What the task asks: Skip the pictures, please, and write out exactly every line from the one containing "0908 24 Z 2009" through the end of the listing below.

Dataset excerpt:
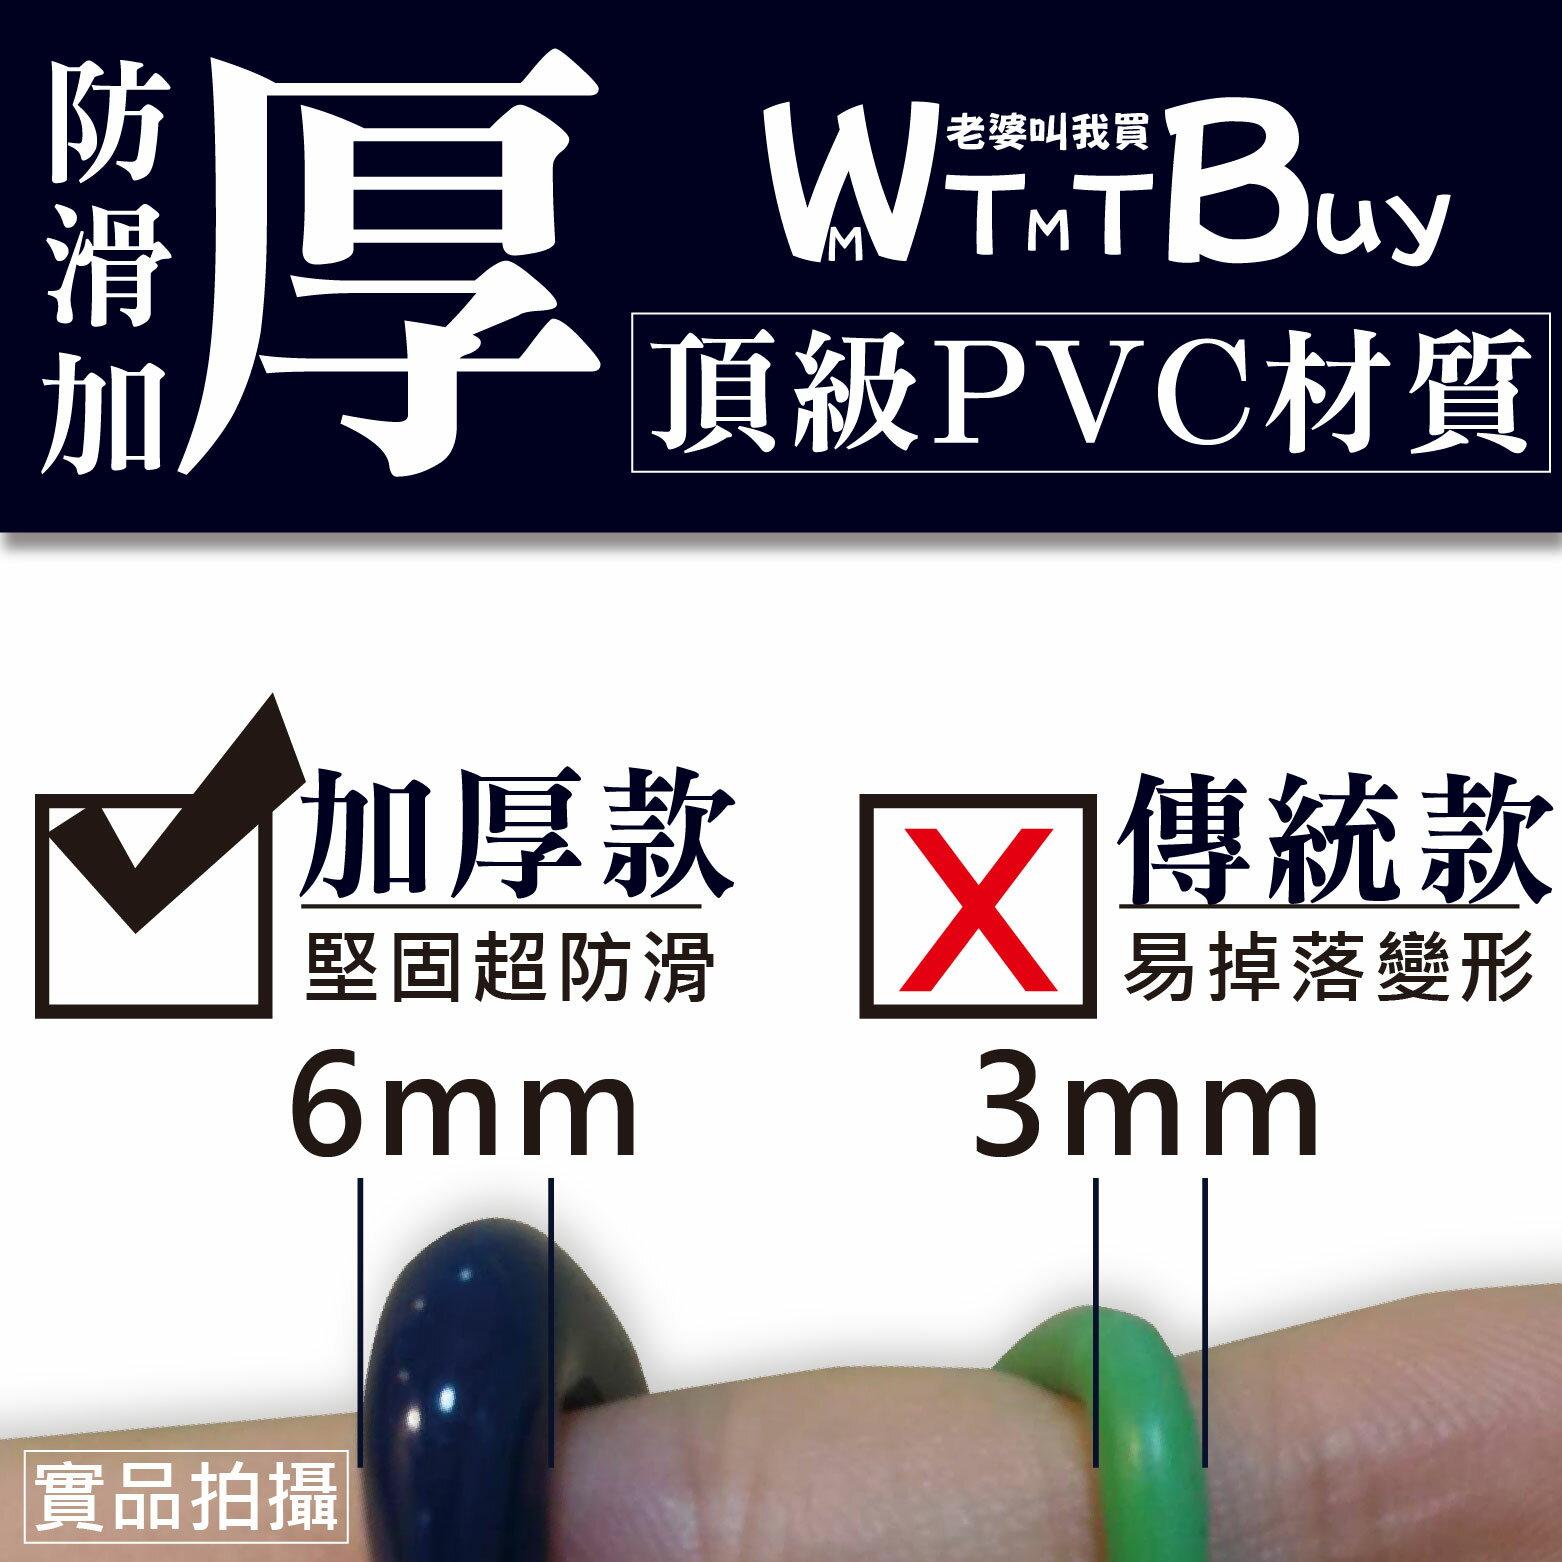 台灣製造老婆叫我買 加厚PVC防滑曬衣架防滑衣架晾衣架曬衣架衣架鐵衣架 奈米防滑 鐵絲衣架 三角架曬衣服
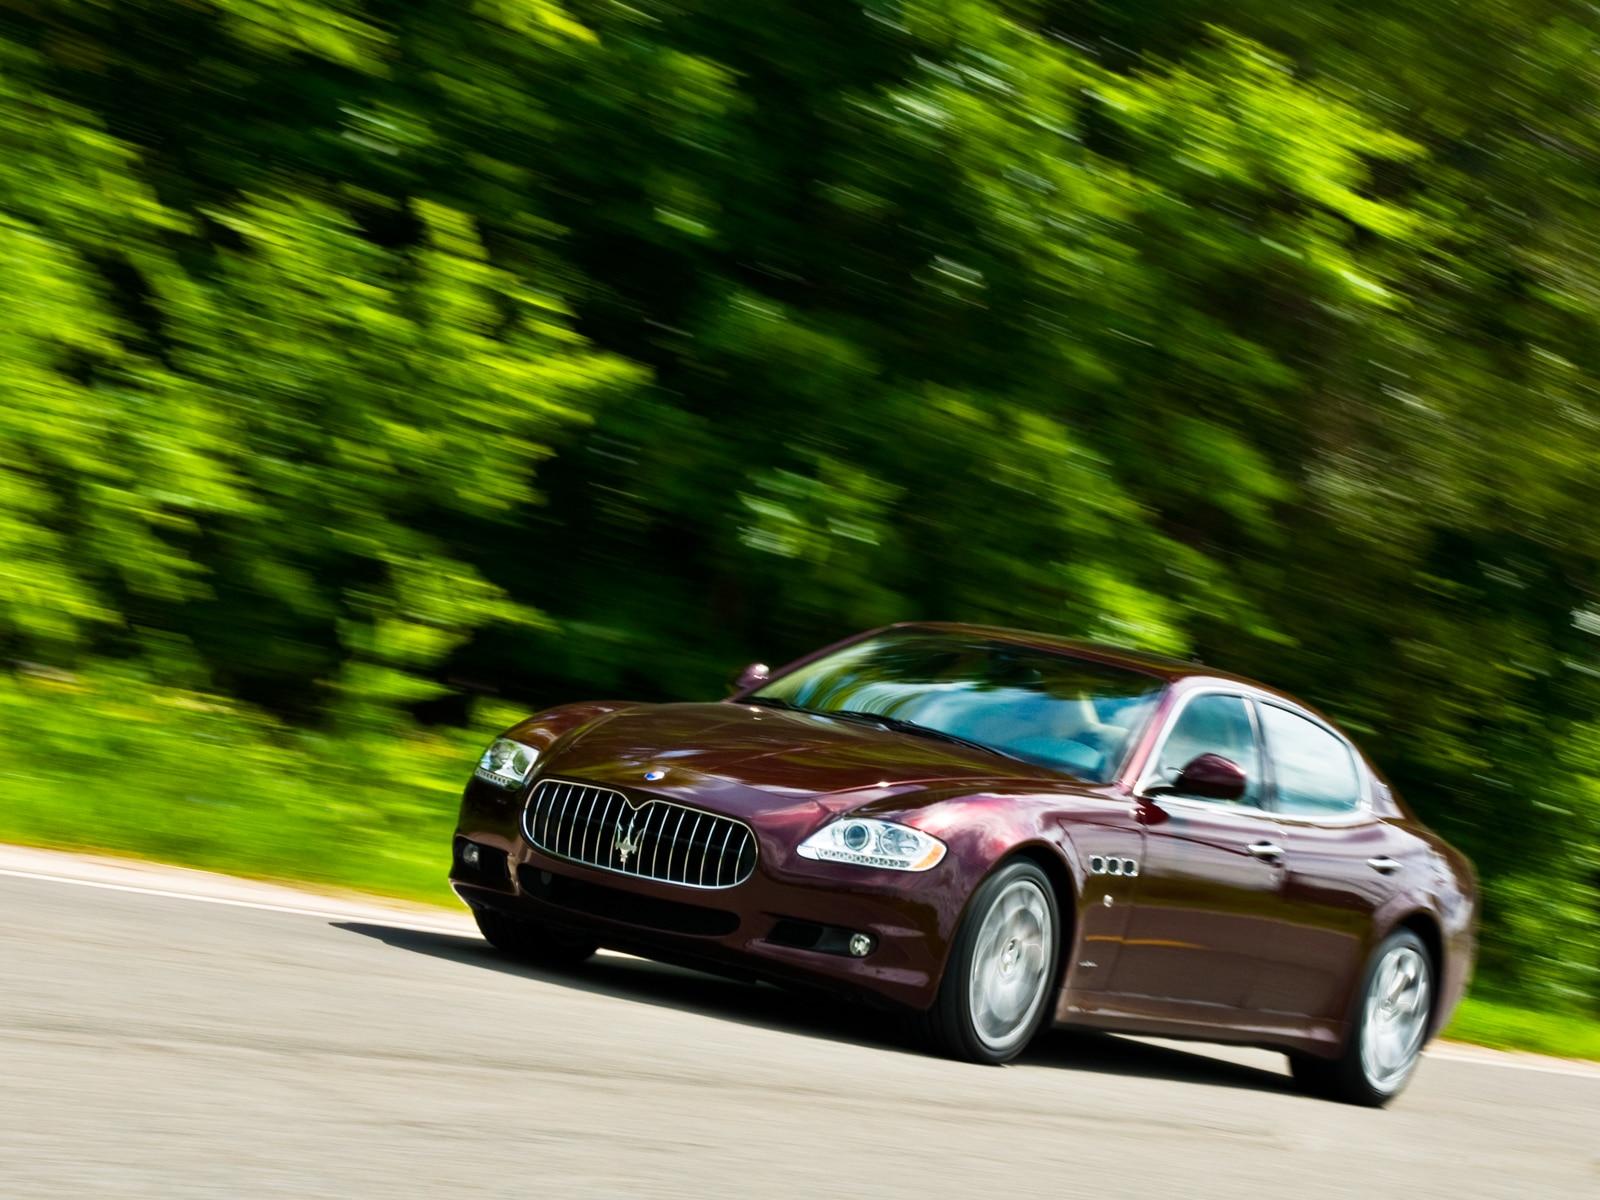 0908 24 Z 2009 Maserati Quattroporte S Front Three Quarters
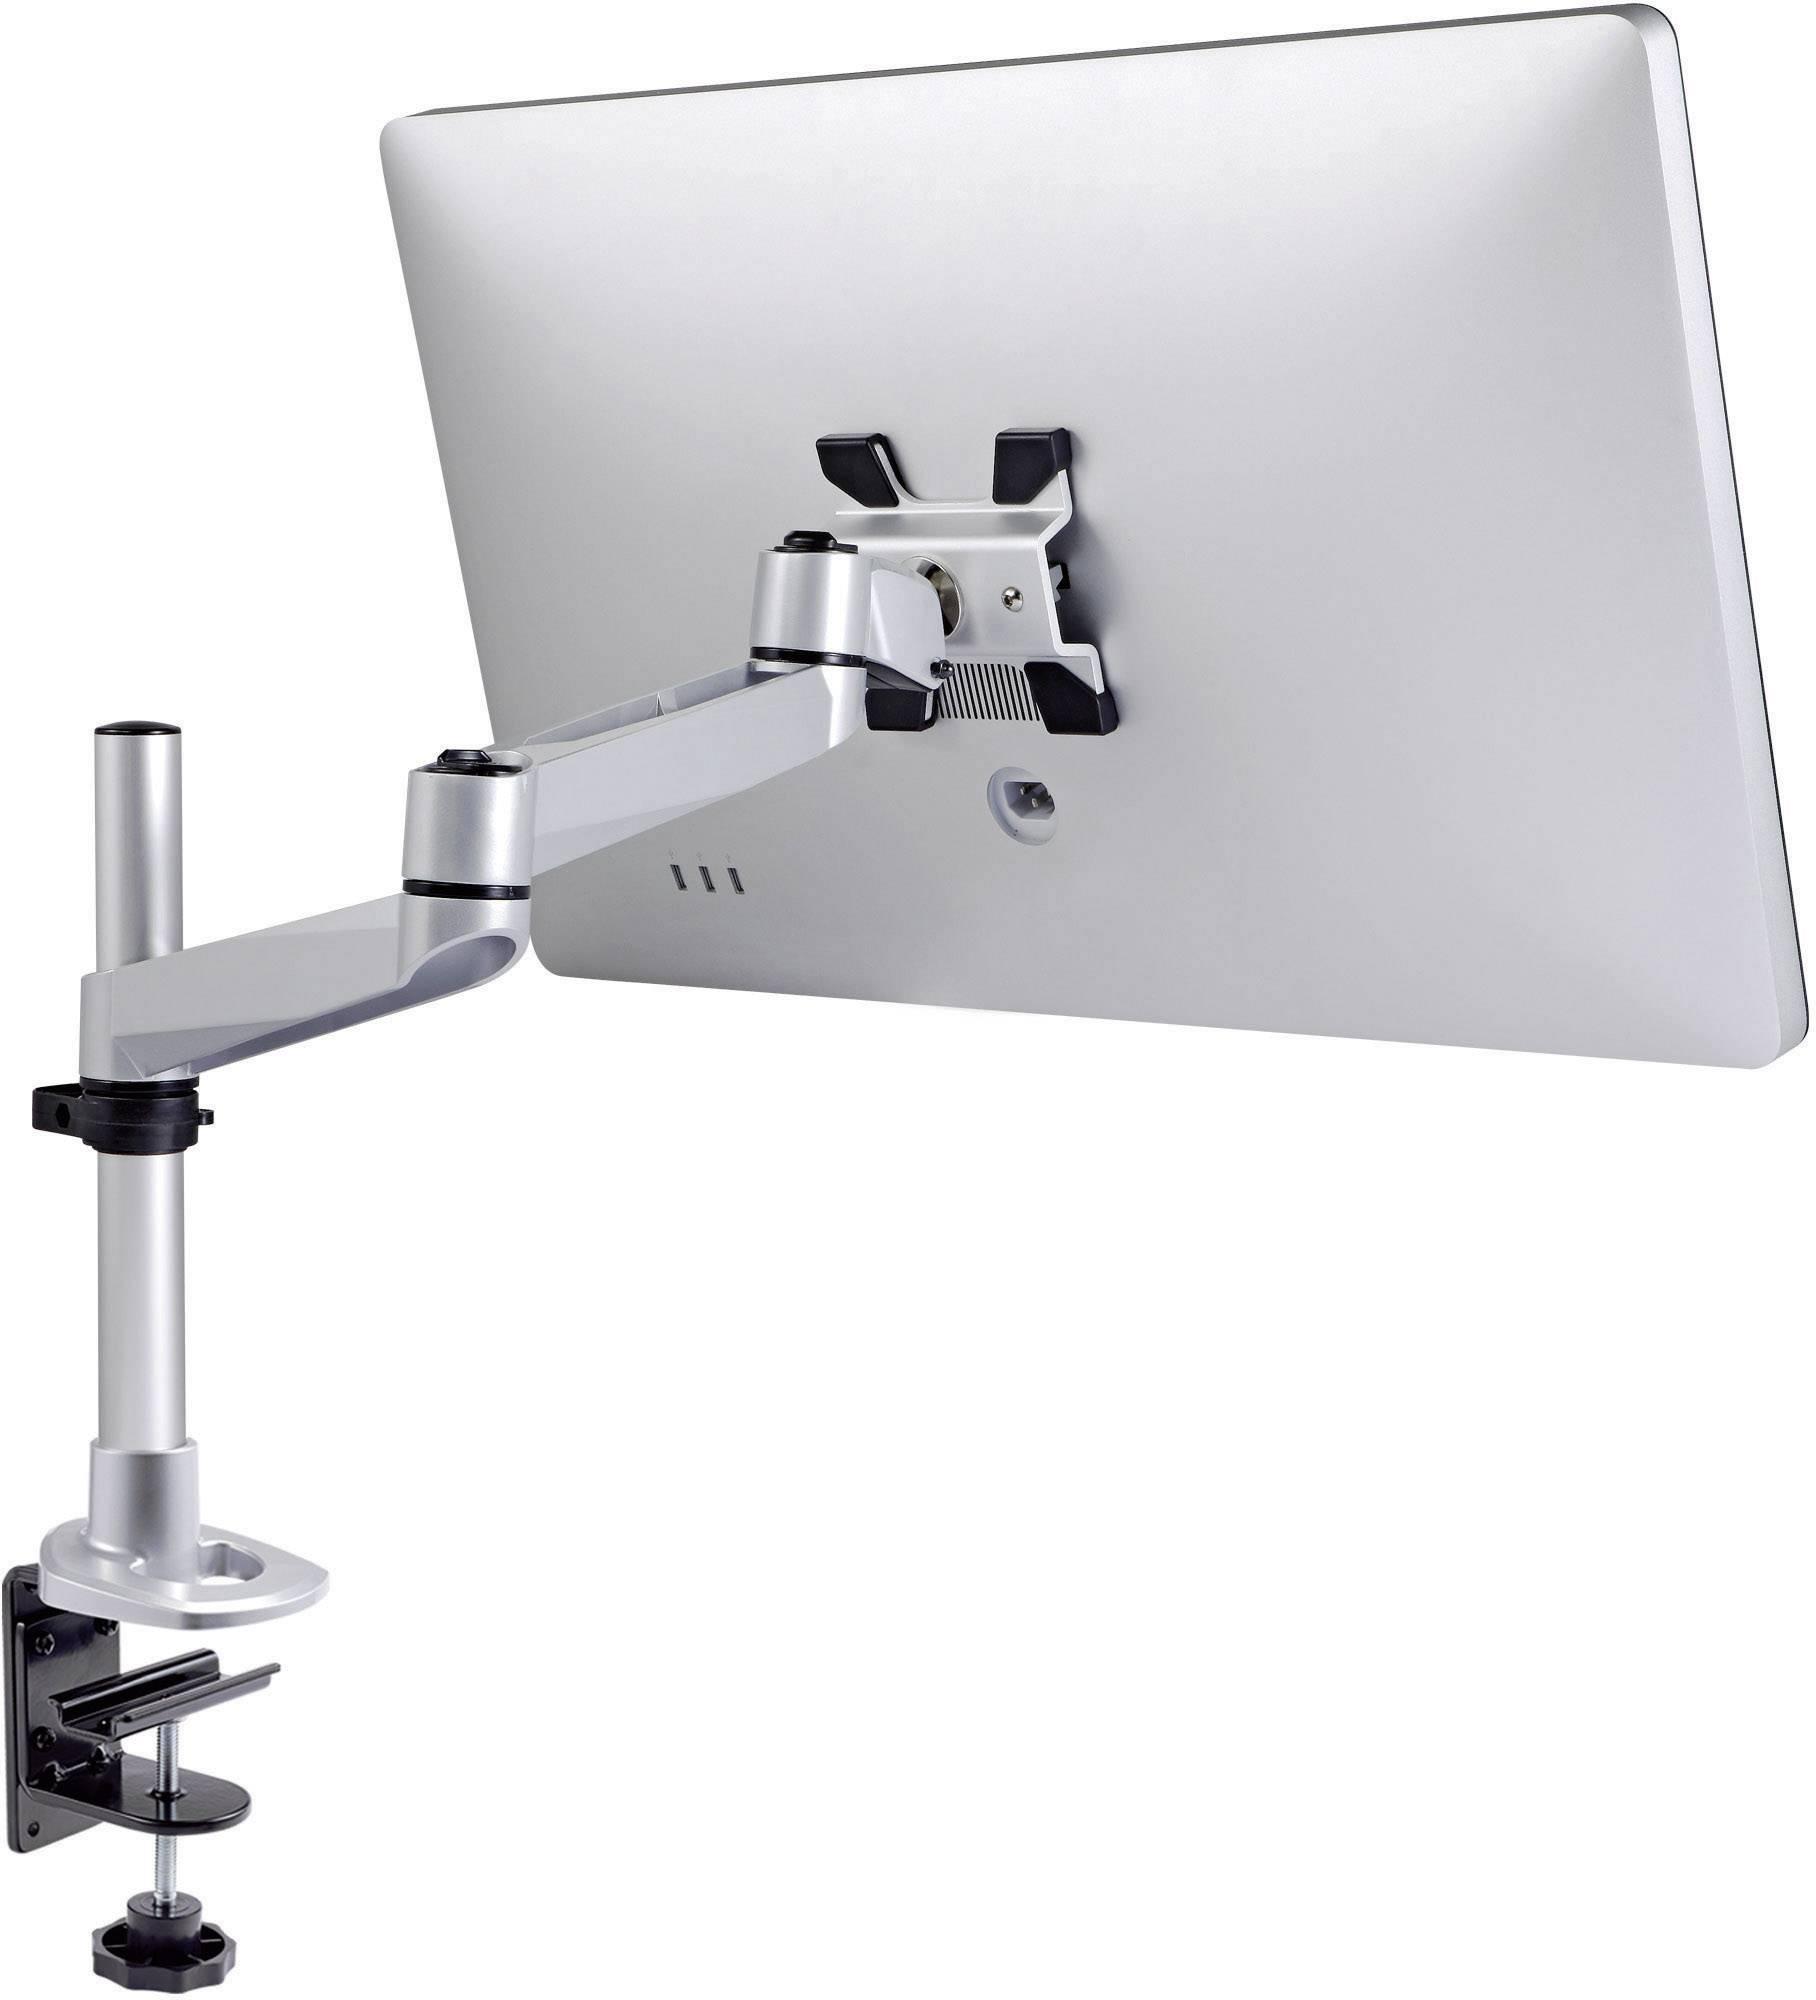 """Stolový držiak monitoru SpeaKa Professional SP-1624924, 25,4 cm (10"""") - 76,2 cm (30""""), striebornočierná"""

Result for this exercise:
 0908 24 Z 2009 Maserati Quattroporte S Front Three Quarters
 """Stolový držiak monitoru SpeaKa Professional SP-1624924, 25,4 cm (10"""") - 76,2 cm (30""""), striebornočierná"""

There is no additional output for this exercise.